* **What you need to do**: Your answer should show every line of the material below that includes "Wallpaper".

* **Dataset entries**:
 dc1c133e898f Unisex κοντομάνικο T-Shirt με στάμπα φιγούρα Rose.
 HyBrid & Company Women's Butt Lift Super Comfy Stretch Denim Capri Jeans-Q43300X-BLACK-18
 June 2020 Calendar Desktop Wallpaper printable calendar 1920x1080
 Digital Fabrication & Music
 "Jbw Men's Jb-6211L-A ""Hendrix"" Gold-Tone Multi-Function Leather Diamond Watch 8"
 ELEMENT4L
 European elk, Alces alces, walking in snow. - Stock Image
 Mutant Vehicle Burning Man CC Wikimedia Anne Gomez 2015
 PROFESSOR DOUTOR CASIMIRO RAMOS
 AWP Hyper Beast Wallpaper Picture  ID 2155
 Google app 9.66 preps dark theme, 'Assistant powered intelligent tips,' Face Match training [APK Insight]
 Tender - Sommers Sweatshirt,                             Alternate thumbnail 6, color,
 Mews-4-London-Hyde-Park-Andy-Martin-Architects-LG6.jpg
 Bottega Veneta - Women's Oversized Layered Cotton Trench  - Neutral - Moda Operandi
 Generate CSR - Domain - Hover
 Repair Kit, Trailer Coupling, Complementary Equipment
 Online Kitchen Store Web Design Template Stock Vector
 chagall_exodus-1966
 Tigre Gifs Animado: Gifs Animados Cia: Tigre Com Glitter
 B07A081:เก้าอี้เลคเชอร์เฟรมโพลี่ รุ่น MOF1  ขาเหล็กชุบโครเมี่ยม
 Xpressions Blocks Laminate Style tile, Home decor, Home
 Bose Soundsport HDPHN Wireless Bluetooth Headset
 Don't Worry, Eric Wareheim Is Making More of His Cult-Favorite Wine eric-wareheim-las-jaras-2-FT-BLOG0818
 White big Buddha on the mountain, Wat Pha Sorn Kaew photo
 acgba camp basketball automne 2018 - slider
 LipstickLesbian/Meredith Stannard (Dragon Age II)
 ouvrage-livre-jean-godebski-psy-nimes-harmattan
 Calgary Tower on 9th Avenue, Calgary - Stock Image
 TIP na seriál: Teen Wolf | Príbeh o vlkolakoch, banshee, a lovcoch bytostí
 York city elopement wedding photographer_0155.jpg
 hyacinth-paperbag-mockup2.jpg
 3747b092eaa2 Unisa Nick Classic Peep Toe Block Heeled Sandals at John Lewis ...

* **Exercise response**:
 June 2020 Calendar Desktop Wallpaper printable calendar 1920x1080
 AWP Hyper Beast Wallpaper Picture  ID 2155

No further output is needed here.